In [3]:
# So it seems like a good idea would be something that can take two gradients and turn them into one gradient
# That one gradient could be better than just averaging by minimizing a loss that computes the smallest decrease
#  in loss over the data. The idea is to bootstrap and make the data more useful than it would have otherwise been,
#  as a form of regularization where we are forcing generalization in our gradient steps

# There is next a question of if we can convert this distilled gradient back into a piece of data.
# One way to do this is simply by running gradient descent for multiple steps, then computing the total change in weights
# over those steps. That is the "effective gradient" of all of those data pieces, and we can distill a single data piece
# that obtains that same gradient (just gradient descent the data itself)

# However, this only works if you have the same initialization and network. What if this procedure is ran multiple times
# on different sizes of networks, and different

# Alternatively, what if we make a model that tries to predict the "next gradient", given the current one? Or what if, given
#  data, it tries to output the data that distills it? If we have two pieces of data, and it outputs one piece of data, we
#  could train a "distillation network" on lots of different initializations, all at varying levels of being trained, and
#  may get a decent model at "distilling" two pieces of data into one. This model can be used to divide the size of data in
#  half, then in half again, etc., allowing for a very distilled dataset that can rapidly train new models.

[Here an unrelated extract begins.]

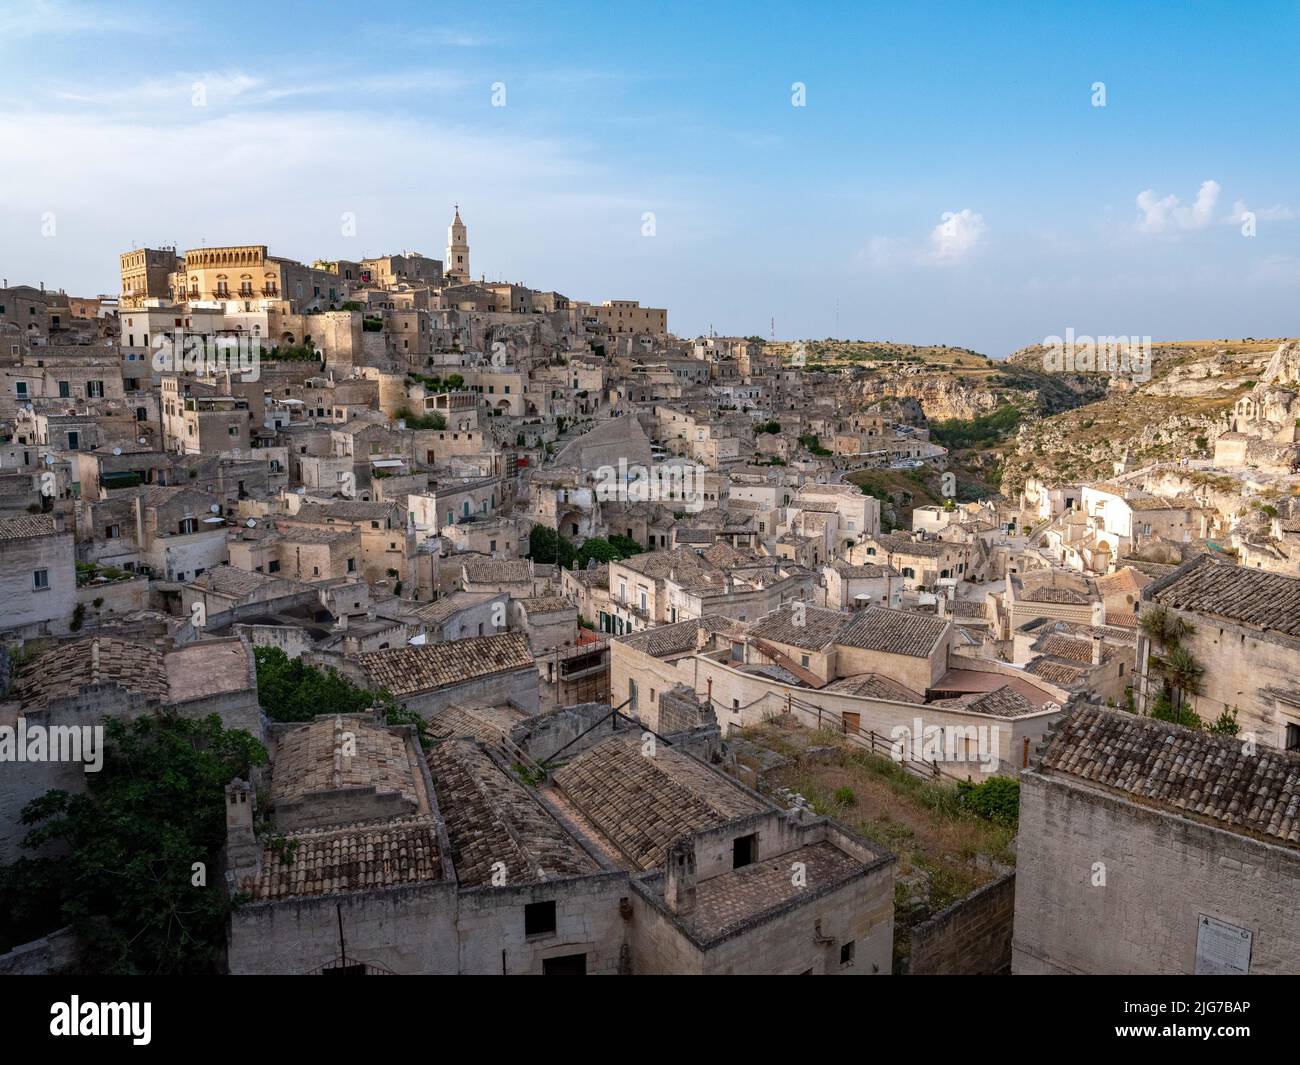 Panoramic view of the sassi or old city of Matera, Basilicata, Italy with its cathedral and cave houses built into the surrounding hills. Stock Photo

# It's worth asking how that is any better than just training the model itself. You will still need to run a model on every
#   piece of data. You also just have a new hyperparam which might be annoying The improvements would be:
# 1. The distillation network might be smaller, because the function to distill is simpler
# 2. This allows you to distill once, then experiment more rapidly with many different hyperparams because training is quicker
# 3. This makes training more accessible as you don't need to download massive datasets

# The questions we would ask about this distiller are:
# 1. How well does it generalize to different kinds of networks?
# 2. Does it need samples from different amounts of trained networks? (initially trained, trained a little, fully trained)
#    to what extent does this influence it's effectiveness?
# 3. What are ways of measuring distillation quality? One would be average loss of fitted models on data before distill and after distill
# 4. Are there general sorts of tradeoffs we make here? What are they? How do different types of data effect how well this works?
# 5. Can this act as data augmentation? Pick two random images and generate a distilled image
# 6. How do classification tasks fit into this? Should we only distill images from the same class? Or can we incorporate loss to do it from multiple classes?
# 7. We can sort of "bootstrap" it, by producing an image, then "gradient descenting" that image on trying to maximize the 
#    smallest increase in loss between the two images to improve it. We can then take this gradient descented image and use
#    it to futher train the model.

# Can we do that "gradient bootstrapping" for standard training as well? Yes:
# 1. Take a minibatch
# 2. Gradient descent to find the data the maximizes the minimum improvement in loss over that minibatch
# 3. Use the gradient of that data instead of the averaged gradient

# Even better, what if we train a model to update the weights to improve the loss, and then gradient descent on that
# meta model?